The figures in the two rows correspond to simulations with 1000 cells and 500 cells, and the figures in the three columns correspond to simulations with 2 million, 3 million, and 4 million reads in each data. The dots in the figures are the means of precisions and recalls of ten simulations in each setup. The dashed lines are the contour lines with constant F-scores (F-scores are marked in the top-left figure).

Fig. 4. The computational time and effects of scFusion’s filters.

a The computational time of the five methods for fusion detection in five scRNA-seq data. The y-axis is the total CPU hours of each method. b Number of fusion candidates after each filter. The top is the total number of fusion candidates, and the second layer is the number of fusion candidates after excluding candidates involving pseudogenes, lncRNAs, genes without an approved symbol, and in intronic regions (they are called pseudogene-, lncRNA-, no-approved-symbol-, and intron- filters). The third layer is the number of candidates supported by at least 2 cells. The fourth layer shows the numbers of fusion candidates remained after the filtering by the statistical model and the deep-learning model, respectively. The fifth layer is the number of candidates that pass both models. The last number indicates the number of output fusions after removing candidates with a partner gene involving in more than five fusion candidates and candidates whose number of supporting discordant reads is ten times more than their supporting split-mapped reads (too-many-partner- and too-many-discordant- filters).

Fig. 5. The performance of five methods on spike-in data.

a The numbers of reported spike-in fusions. b The numbers of reported fusions. c The proportions of fusions having bulk supporting chimeric reads or in the 27 spike-ins.

Fig. 6. The T cell scRNA-seq data.

a The number of detected gene fusions by the five methods. b The percentages of V(D)J recombinations in fusions detected by the five methods. c The expressions of SLC4A10 shown in the tSNE plot of all T cells. d The cells with TRAJ33-TRAV1-2 and TRAJ12-TRAV1-2 colored in the tSNE plot. e, f The barplots of numbers of cells with the TRAJ33-TRAV1-2 (e) and TRAJ12-TRAV1-2 (f) recombinations by different algorithms.
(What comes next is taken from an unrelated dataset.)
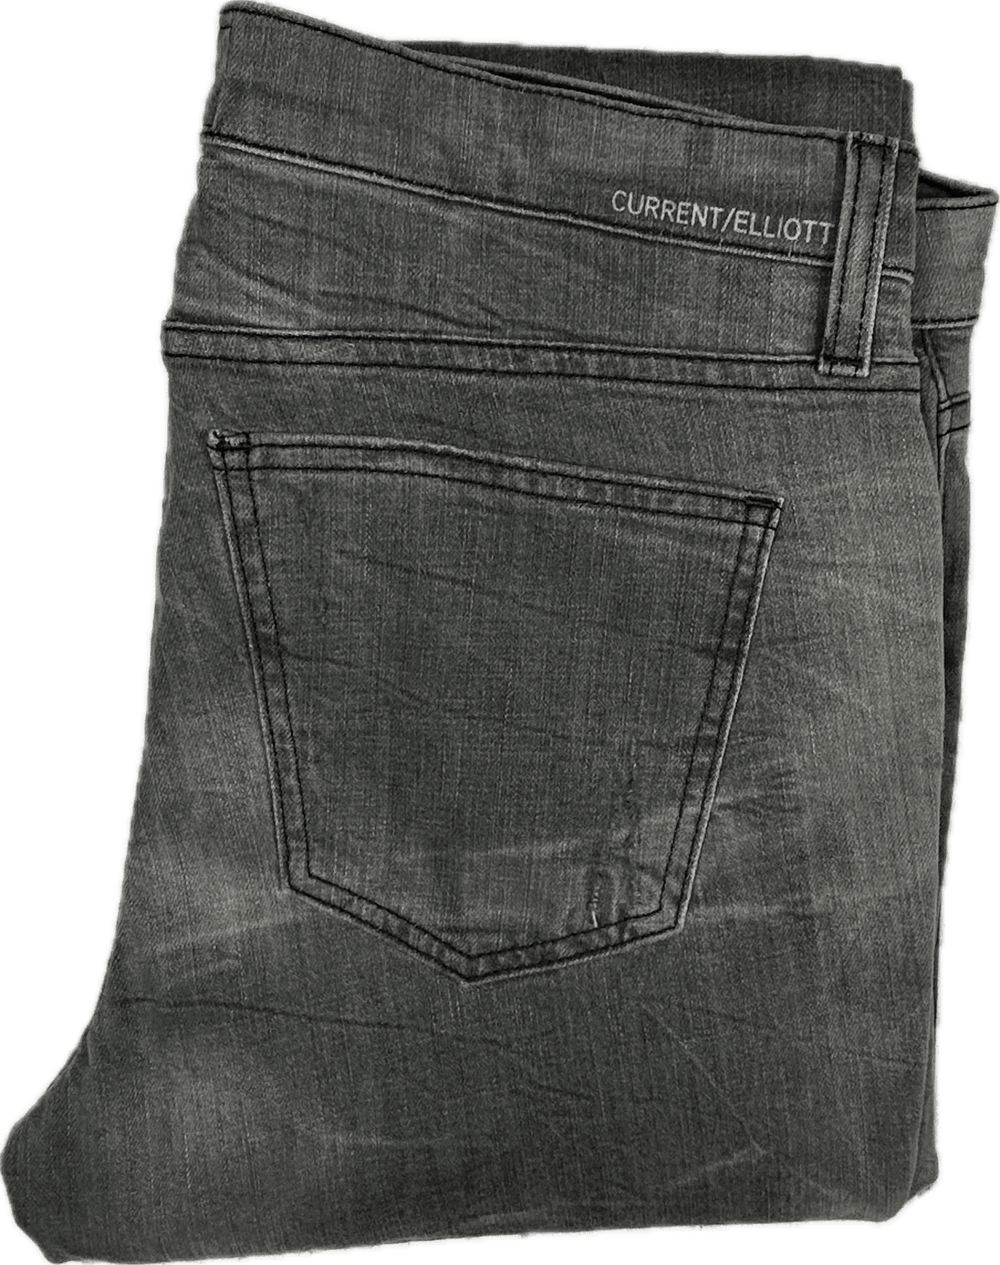 Current/Elliot 'The Ankle Skinny' Tunnel Wash Jeans- Size 32 - Jean Pool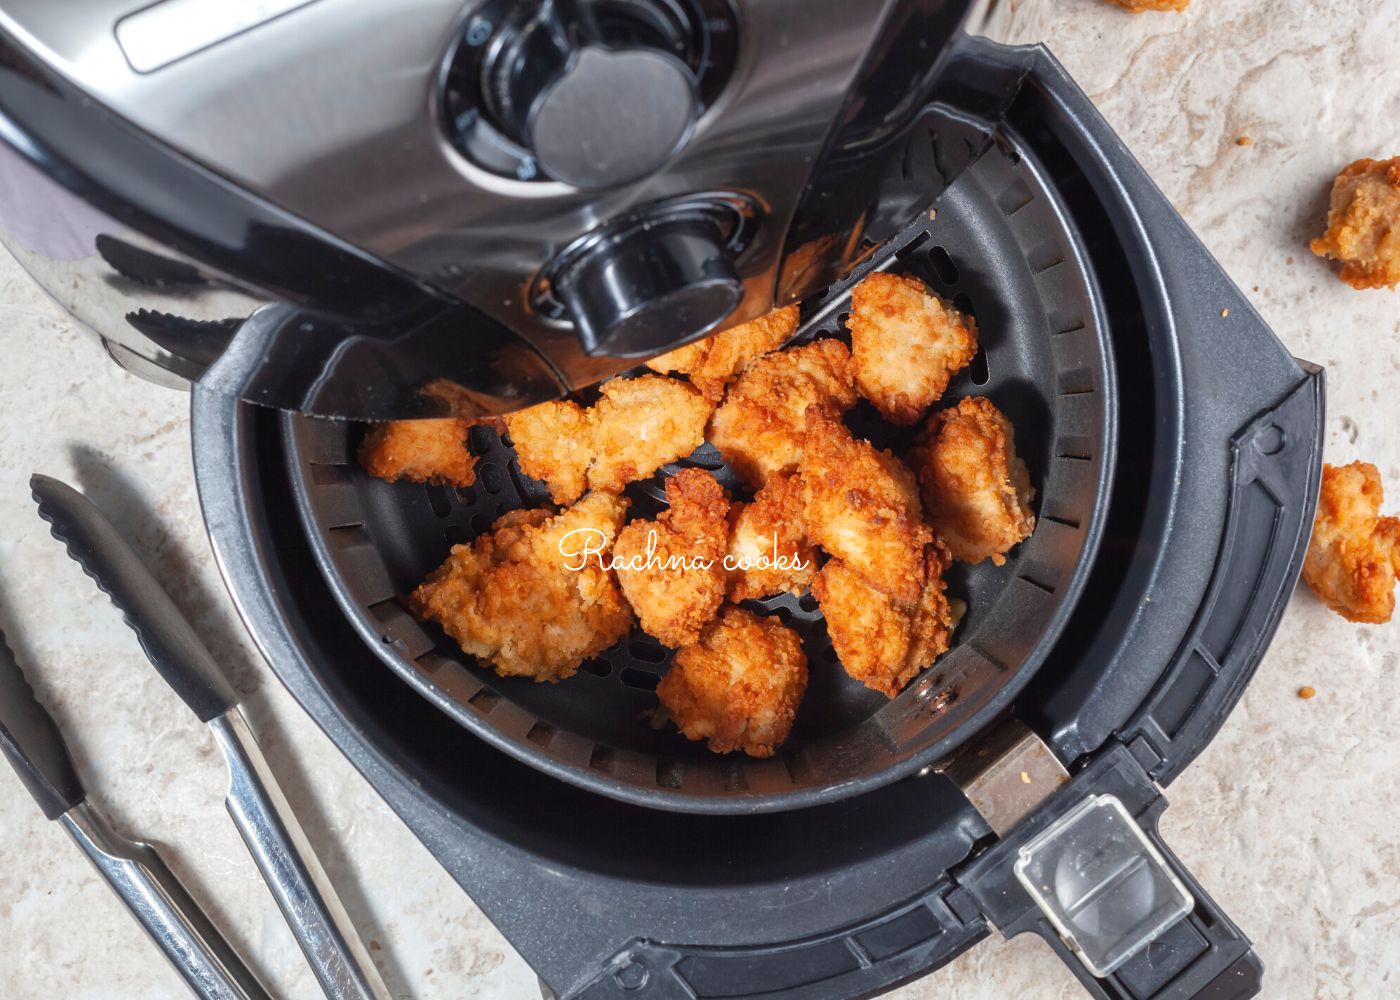 Chicken nuggets being reheated in an air fryer

Source data are provided as a Source Data file.

Fig. 7. The MM scRNA-seq data.

a The number of detected gene fusions by the five methods. b The percentage of IgH-related fusions in fusions detected by the five methods. c The tSNE plot of all MM single cells. The cells with two IgH-WHSC1 fusions are colored in the plot. The cells from patient RMM2 and SMM0 are marked by triangle and rectangle, respectively. d The expression of WHSC1 shown in the tSNE plot. e The mean read depth of WHSC1 at different locations for the cells with the two IgH-WHSC1 fusions and the cells without the fusions. The black triangles indicate the breakpoints of the two fusions. The supporting number of splicing junctions are also shown in the plot (the numbers above the arcs). The read depth of a single cell at a location is calculated as the number of reads covering the location per million. The mean read depth is the average depth of all cells in a group. f The barplots of numbers of cells with the IgH-WHSC1 fusions by different algorithms. Source data are provided as a Source Data file.